The Naira appreciated against the US Dollar in the Nigerian Autonomous Foreign Exchange Market (NAFEX) on Friday, July 17, by N1.35 or 0.07 per cent to N1,380.18/$1 from N1,381.53/$1.

It also improved its value against the Pound Sterling in the same market segment during the session by N11.75 to trade at N1,854.42/£1 compared with the previous day’s N1,866.17/£1, and gained N5.69 against the Euro to sell at N1,576.99/€1 versus Thursday’s closing price of N1,582.68/€1.

In the same vein, the Naira chalked up N1 against the United States currency yesterday at the GTBank forex desk to quote at N1,388/$1, in contrast to the preceding day’s N1,389/$1, but closed flat at the black market at N1,405/$1.

The appreciation of the Nigerian currency on Friday came amid fresh signals that Nigeria is building its external reserves for protection against shocks and excessive currency volatility.

The Governor of the Central Bank of Nigeria (CBN), Mr Yemi Cardoso, said the country’s gross reserves had risen above approximately $52 billion by 15 July, while net reserves had increased from about $3 billion when the current CBN leadership took office to more than $40 billion.

Mr Cardoso linked the increase in reserves to reforms that had restored greater confidence in the foreign exchange system. He also pointed to efforts to diversify foreign currency inflows, including policies designed to increase remittances through official channels.
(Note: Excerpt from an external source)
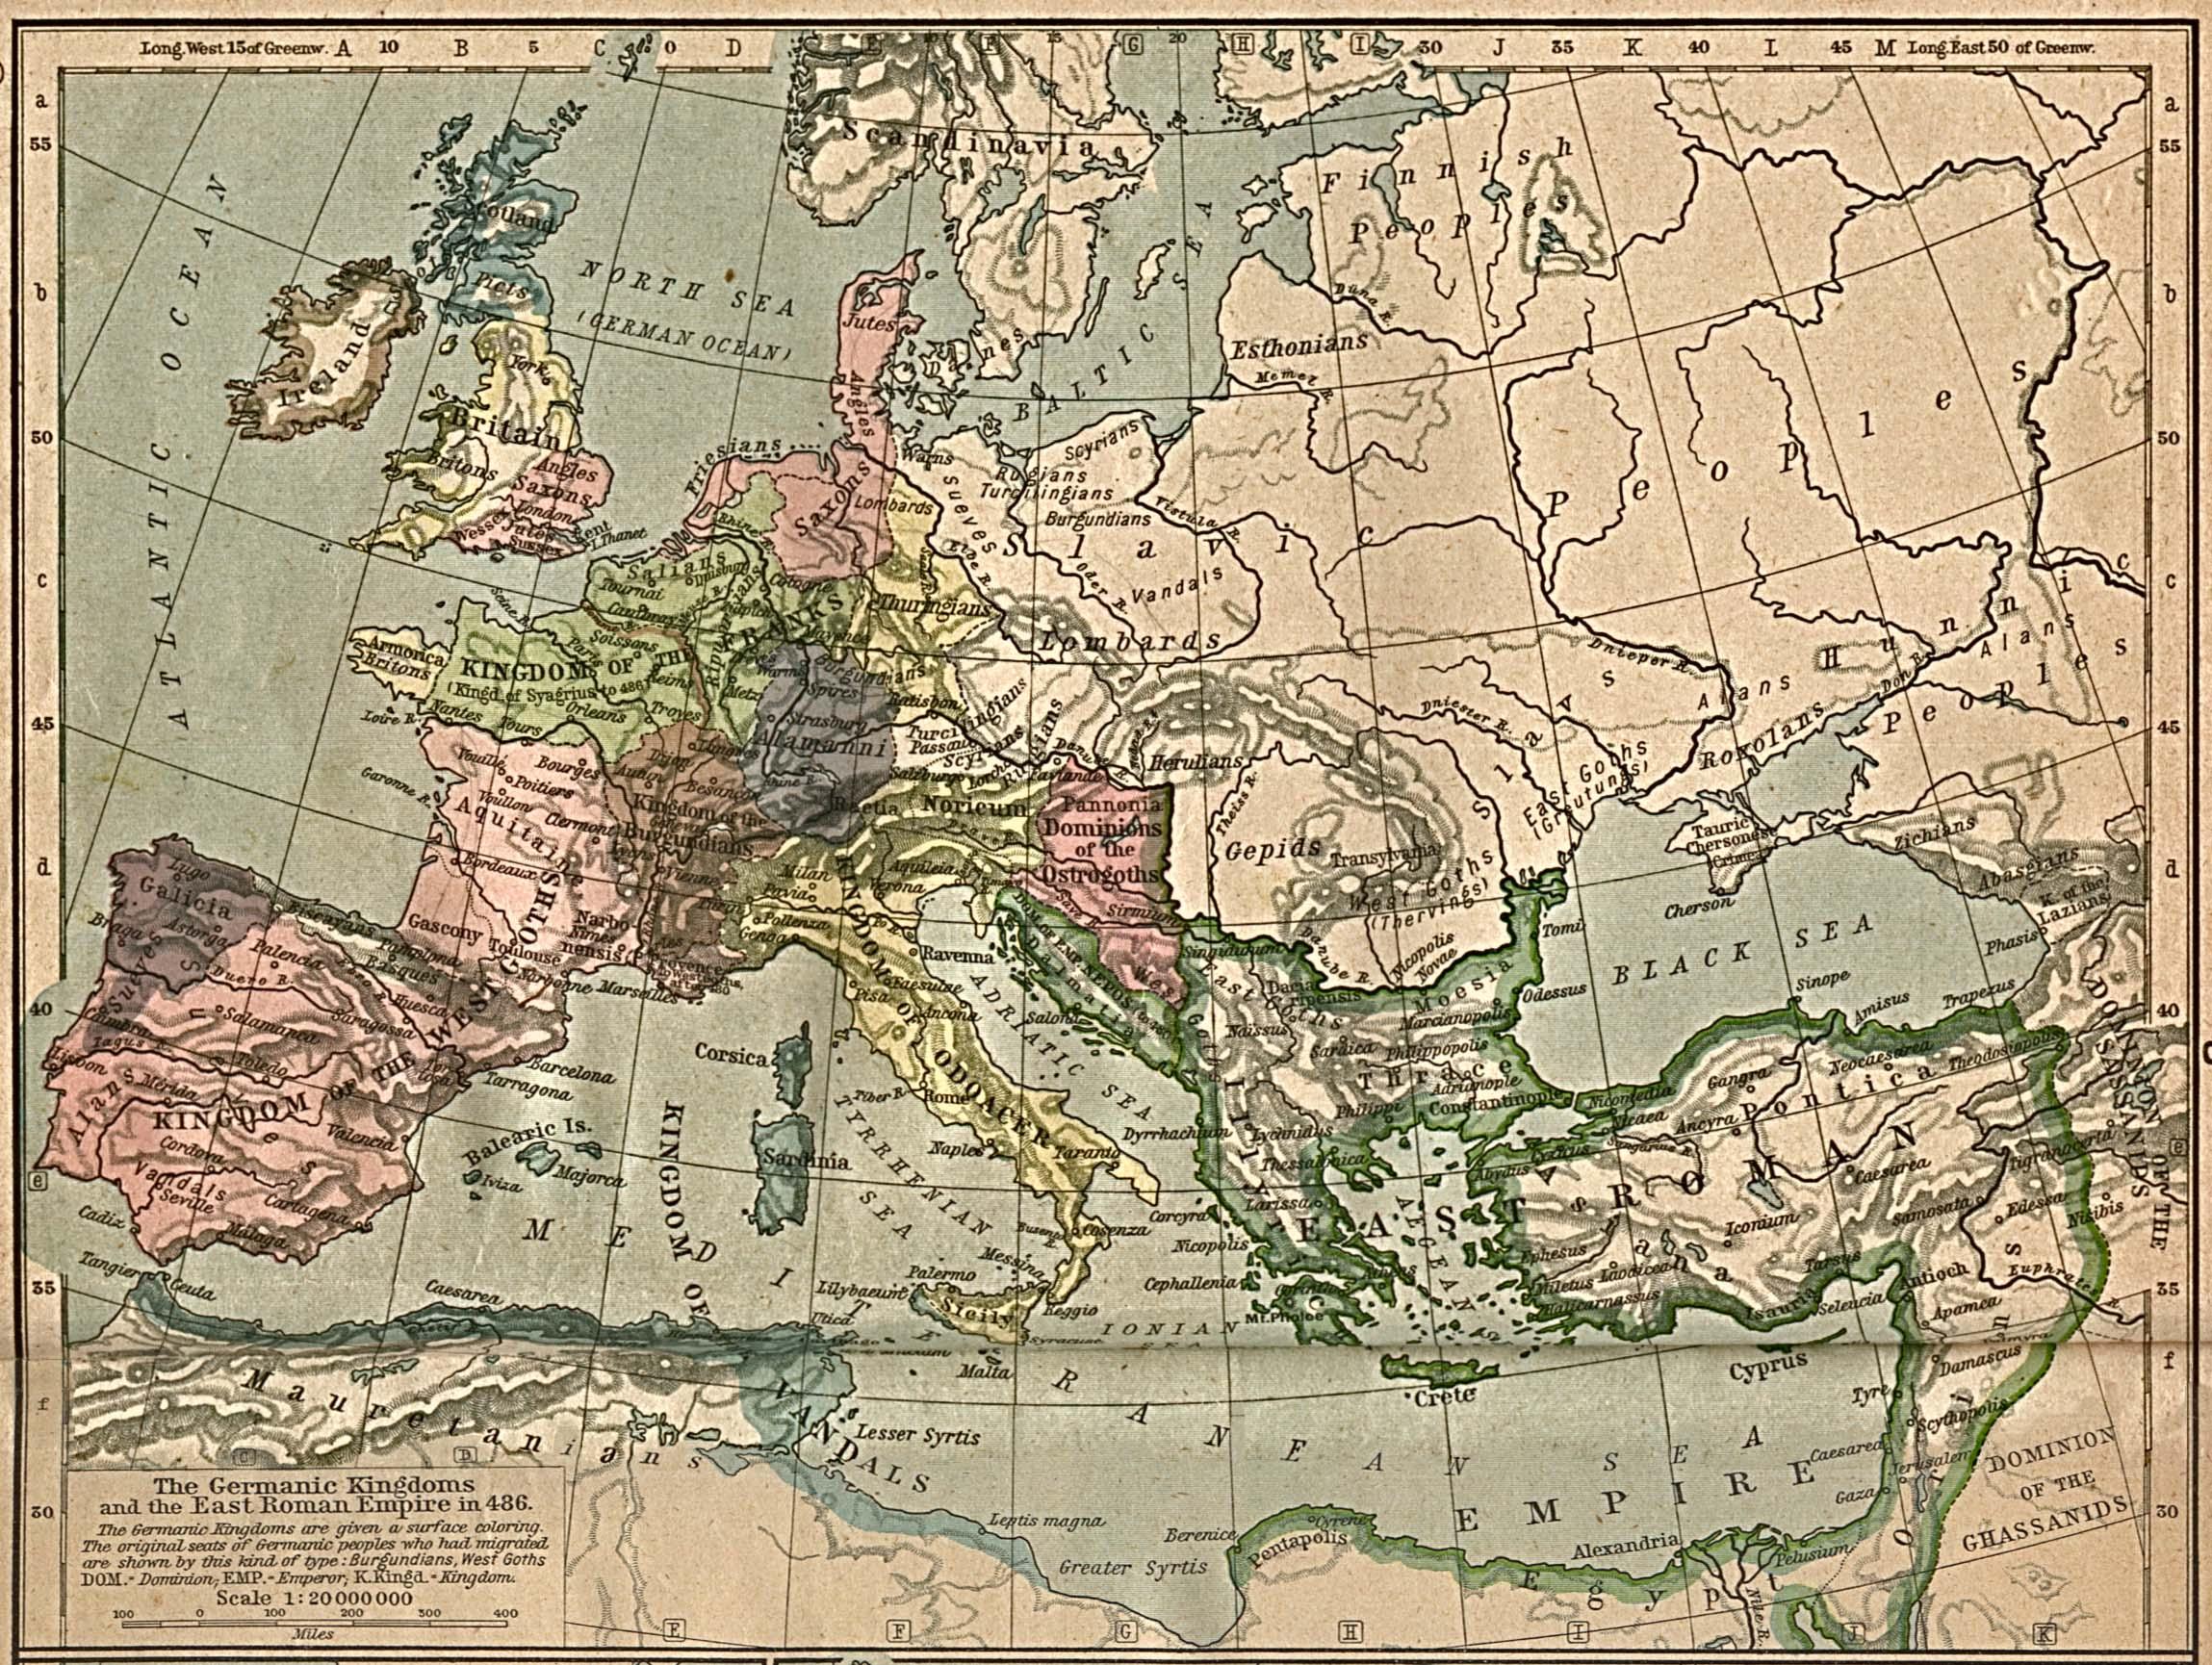 WHKMLA Historical Atlas Spain Page

He noted that monthly diaspora remittances had risen above $600 million and the CBN expected them to reach approximately $1 billion by the end of 2026. The target is part of a broader effort to grow reserves through recurring inflows rather than temporary measures.
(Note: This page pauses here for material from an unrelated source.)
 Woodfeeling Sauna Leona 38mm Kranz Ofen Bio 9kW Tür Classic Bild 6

The improvement, he argued, had strengthened Nigeria’s capacity to respond when unexpected events threatened market stability.

The apex bank has also launched a new digital platform that will track every foreign exchange transaction involving Bureau De Change (BDC) operators, marking a major step in its efforts to improve transparency and strengthen oversight of Nigeria’s retail forex market.
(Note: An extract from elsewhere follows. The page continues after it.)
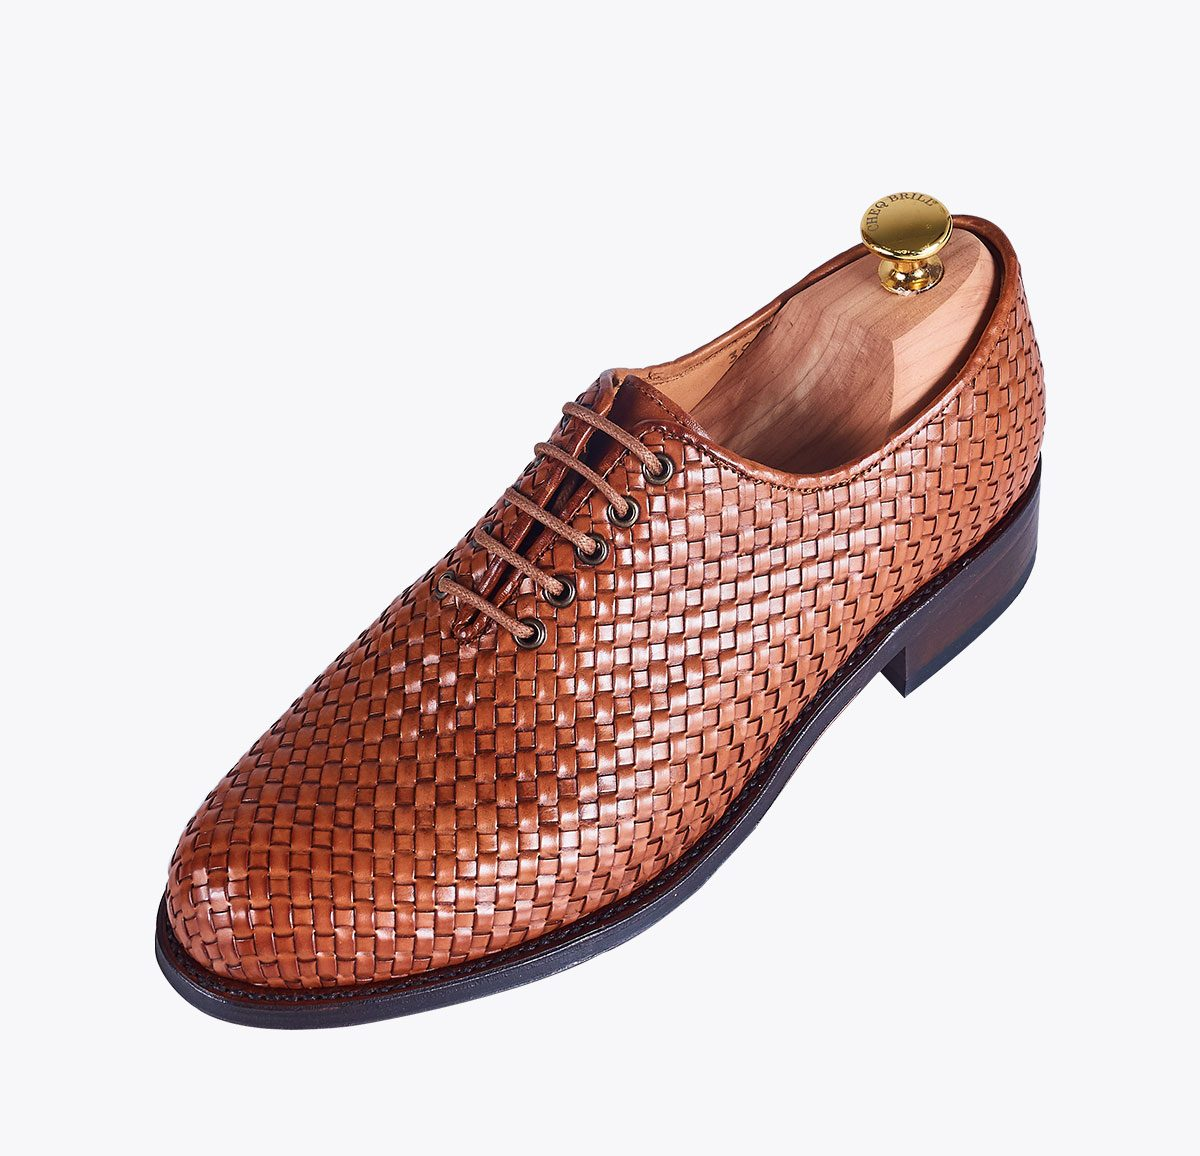 Zapato trenzado cuero mandalashoes Santanyí Mallorca

As for the crypto market, prices were up as markets overlooked geopolitical developments and macro forces weighing on the whole market ecosystem rather than anything crypto-specific, with Cardano (ADA) up by 4.6 per cent to $0.1661.

Bitcoin (BTC) jumped by 1.8 per cent to $63,968.32, Ethereum (ETH) improved by 0.9 per cent to $1,843.88, Dogecoin (DOGE) also rose by 0.9 per cent to $0.0723, Solana (SOL) soared by 0.6 per cent to $74.90, Ripple (XRP) also appreciated by 0.6 per cent to $1.08, and Binance Coin (BNB) advanced by 0.1 per cent to $567.32.

However, TRON (TRX) depreciated by 0.2 per cent to close at $0.3218, while the US Dollar Tether (USDT) and the US Dollar Coin (USDC) remained unchanged at $1.00 each.